La questione giuridica

Una delle questioni giuridiche, affrontate dalla Suprema Corte nel caso di specie, riguardava se, ai fini della configurabilità del reato di calunnia, è necessario l’inizio di un procedimento penale a carico del calunniato.

Ma, prima di vedere come il Supremo Consesso ha trattato siffatta questione, esaminiamo brevemente il procedimento in occasione del quale è stata emessa la sentenza qui in commento.

La Corte di appello di Milano confermava la condanna dell’imputato in ordine ai reati di calunnia e minacce, riconoscendo le attenuanti generiche e, per l’effetto, rideterminava la pena in anni uno e mesi otto di reclusione, confermando, altresì, la condanna al risarcimento dei danni nei confronti delle parti civili.

Ciò posto, avverso questa decisione il difensore ricorreva per Cassazione e, tra le argomentazioni ivi addotte, costui sosteneva che, in relazione ad una lettera rispetto a quella da cui era scaturito il procedimento in questione, inviata al Presidente del Tribunale di Sondrio e il cui procedimento era stato inviato, per competenza, a Brescia, il giudice per le indagini preliminari aveva disposto l’archiviazione del procedimento, proprio in considerazione della inverosimiglianza dello scritto.
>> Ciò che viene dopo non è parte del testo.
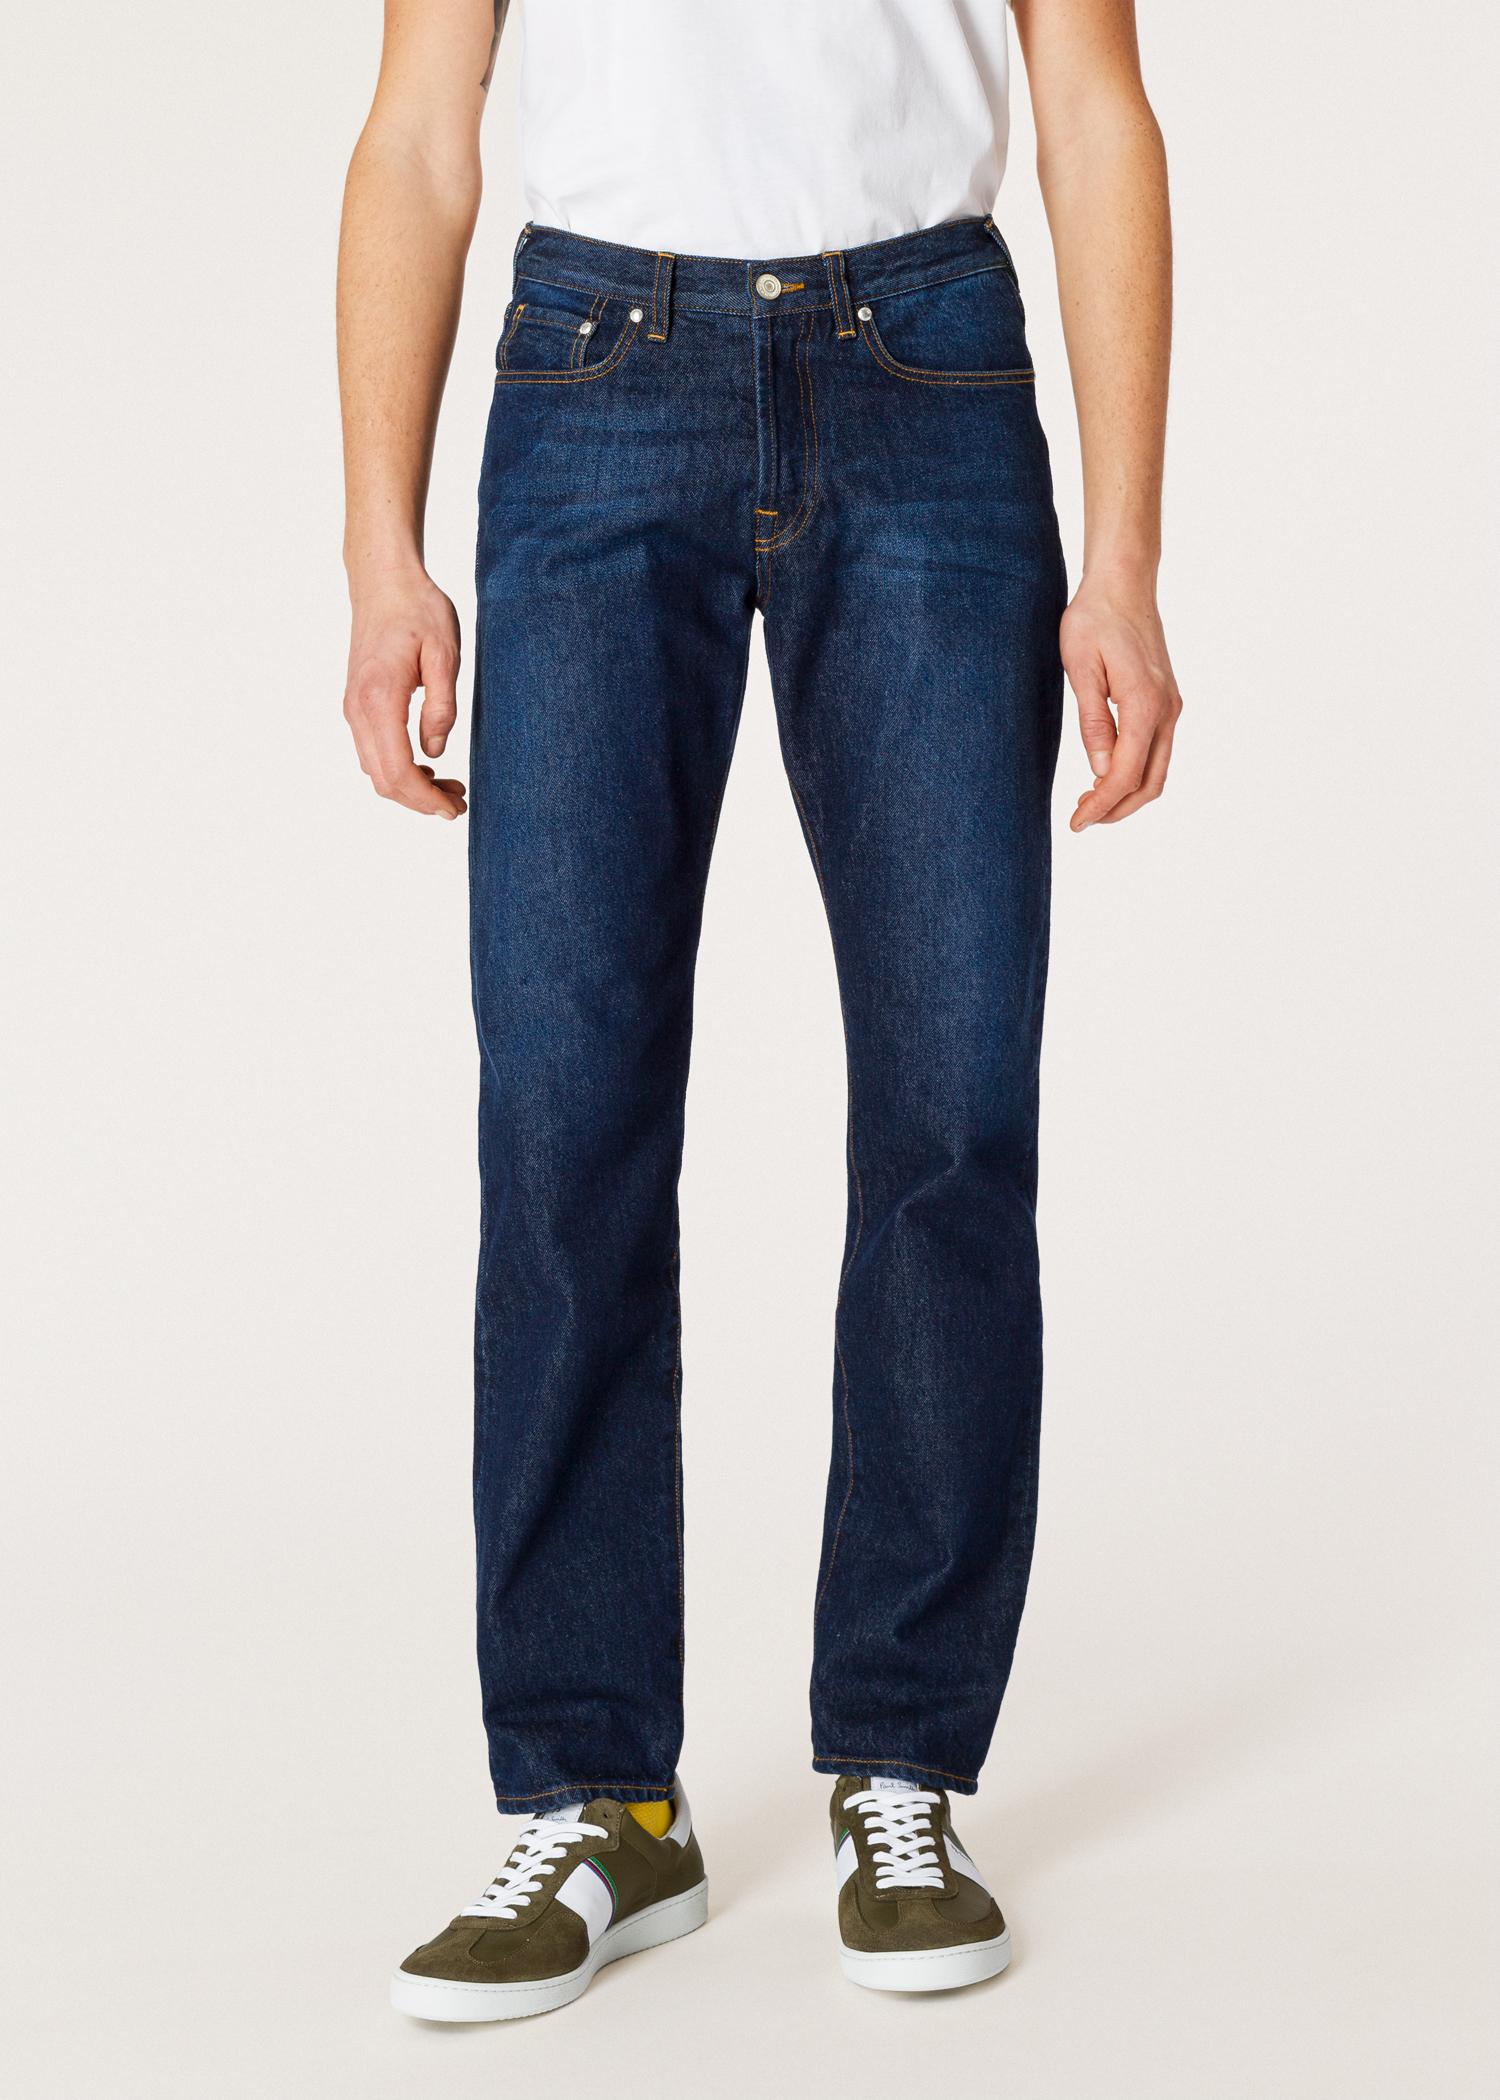 0eafa60b692 Men s Classic-Fit Dark-Wash  Organic Salt   Pepper  Denim Jeans ...

Come la Cassazione ha affrontato tale questione giuridica

La Corte di legittimità riteneva l’argomentazione suesposta infondata alla stregua di quell’orientamento nomofilattico secondo il quale, ai fini della configurabilità del reato di calunnia non è necessario l’inizio di un procedimento penale a carico del calunniato, occorrendo soltanto che la falsa incolpazione contenga in sé gli elementi necessari e sufficienti per l’esercizio dell’azione penale nei confronti di una persona univocamente e agevolmente individuabile; cosicché soltanto nel caso di addebito che non rivesta i caratteri della serietà, ma si compendi in circostanze assurde, inverosimili o grottesche, tali da non poter ragionevolmente adombrare – perché in contrasto con i più elementari principi della logica e del buon senso – la concreta ipotizzabilità del reato denunciato, è da ritenere insussistente l’elemento materiale del delitto di calunnia (Sez. 2, n. 14761 del 19/12/2017, dep. 2018).

I risvolti applicativi

Per configurare il reato di calunnia, non è richiesto l’avvio di un procedimento penale contro il calunniato, essendo sufficiente che l’accusa falsa contenga elementi sufficienti per un’azione penale contro una persona facilmente identificabile, fermo restando che, solo se l’accusa è così assurda da non poter ragionevolmente suggerire la possibilità del reato, manca l’elemento materiale della calunnia.

Sentenza commentata

Penale Sent. Sez. 6 Num. 22934 Anno 2024

Presidente: DI STEFANO PIERLUIGI

Relatore: DI GERONIMO PAOLO

Data Udienza: 22/05/2024

Data Deposito: 06/06/2024

SENTENZA

sul ricorso proposto da

F. O., nato a … il …

avverso la sentenza del 9/11/2023 emessa dalla Corte di appello di Milano

visti gli atti, la sentenza e il ricorso;

udita la relazione del consigliere Paolo Di Geronimo;

udito il Pubblico Ministero, in persona della Sostituta Procuratore generale Perla Lori, che ha chiesto l’annullamento con rinvio;

udito l’Avvocato F. S., in qualità di difensore della parte civile …, nonché in sostituzione dell’Avvocato F. R., difensore della parte civile M. R. D. C., la quale ha chiesto la conferma della sentenza impugnata;

udito l’Avvocato A. A., difensore di O. F., il quale ha chiesto l’accoglimento del ricorso.

RITENUTO IN FATTO

1. La Corte di appello di Milano confermava la condanna dell’imputato in ordine ai reati di calunnia e minacce, riconoscendo le attenuanti generiche e, per l’effetto, rideterminava la pena in anni uno e mesi otto di reclusione, confermando, altresì, la condanna al risarcimento dei danni nei confronti delle parti civili.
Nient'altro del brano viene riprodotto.